No announcement was made by developer Cape Wind Associates, but Siemens told Bloomberg that “there are some foundations being built and developments being done” – enough, Siemens said, to qualify the $2.6 billion project for the investment tax credit for renewable energy. Cape Wind Associates more or less confirmed that, telling Bloomberg, “We are pursuing the ITC and are hopeful we will qualify.”
Under current law, the ITC expires at the end of this year, and to qualify a project must be under construction before the clock strikes twelve. The ITC is worth up to 30 percent of a project’s cost, and developers can opt for it in lieu of the production tax credit, which currently pays 2.3 cents per kilowatt-hour for energy generated (and will also expire at the end of the year, under the same terms).
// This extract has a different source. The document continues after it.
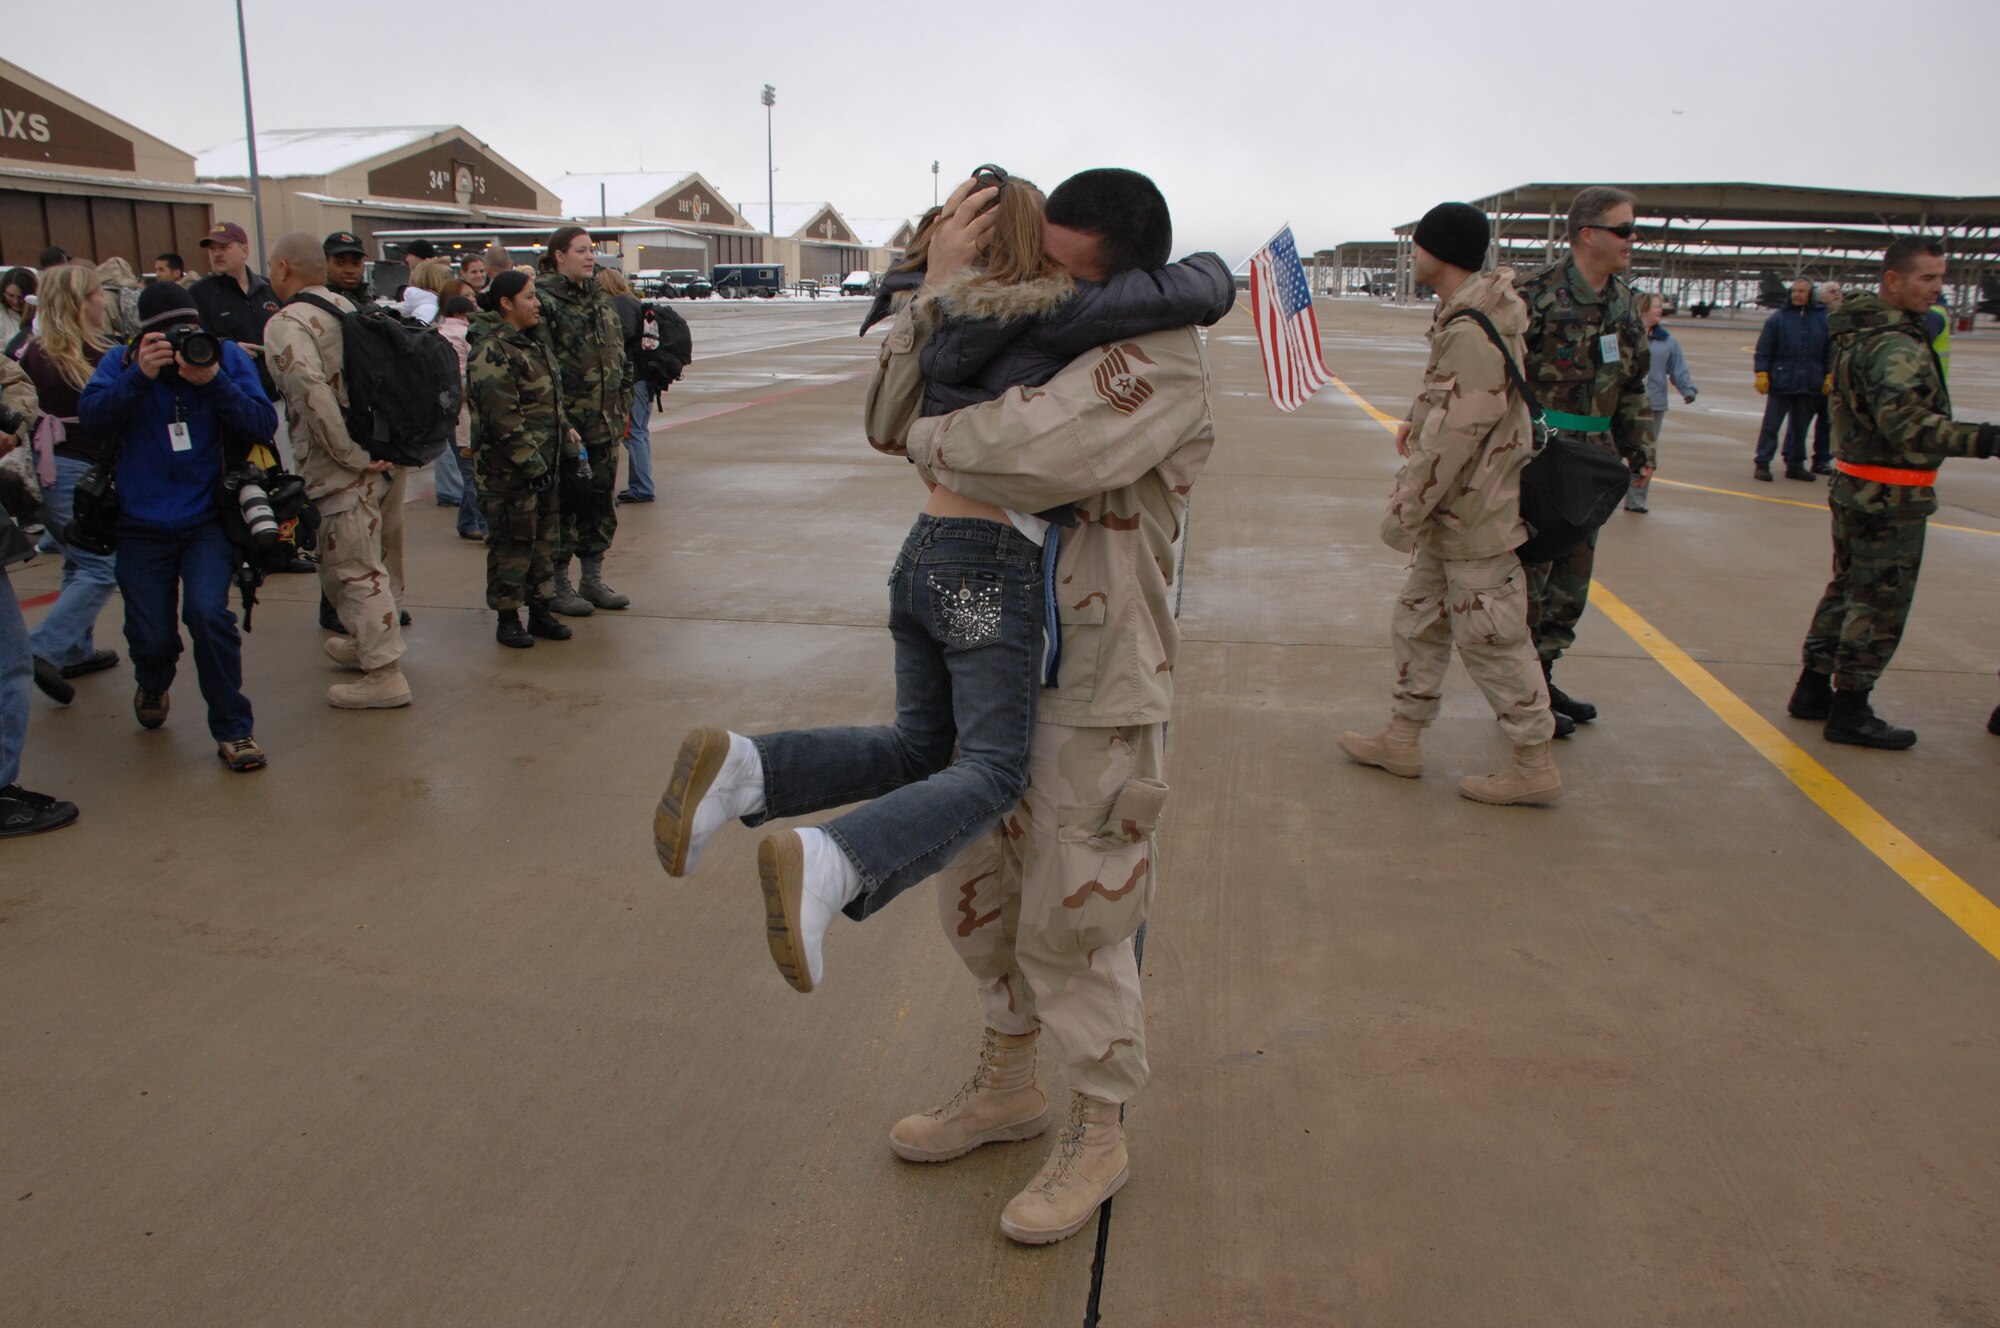 A 388th Fighter Wing Airman is greeted by a loved one at the 4th Fighter Squadron homecoming Jan. 8.  The wing's 4th Fighter Squadron deployed to Balad Air Base, Iraq in August and flew approximately 1,800 missions in support of ground forces in Operation Iraqi Freedom.  (U.S. Air Force photo by Alex Lloyd)

Cape Wind, which seemed to pass all its regulatory hurdles more than a year ago, has had to struggle on multiple fronts to turn the vision of a 130-turbine, 400-plus-megawatt project into reality, waging public relations and legal battles against opponents who have cited environmental, air traffic, cultural and economic concerns.
The developers are still facing lawsuits – one foe told Bloomberg, “We haven’t even started to see what’s going to happen with the federal legal challenges” – but the bigger issue in the past year has been financing. The Danish pension fund PensionDanmark has committed $200 million toward the project, but it’s conditional on Cape Wind bringing in more money, which it needs to do by the end of this year.
The U.S. Department of Energy could come to the rescue in a big way, however – it’s been sitting for months on a proposal to give the project a loan guarantee. The company is reportedly seeking a guarantee worth $350 million.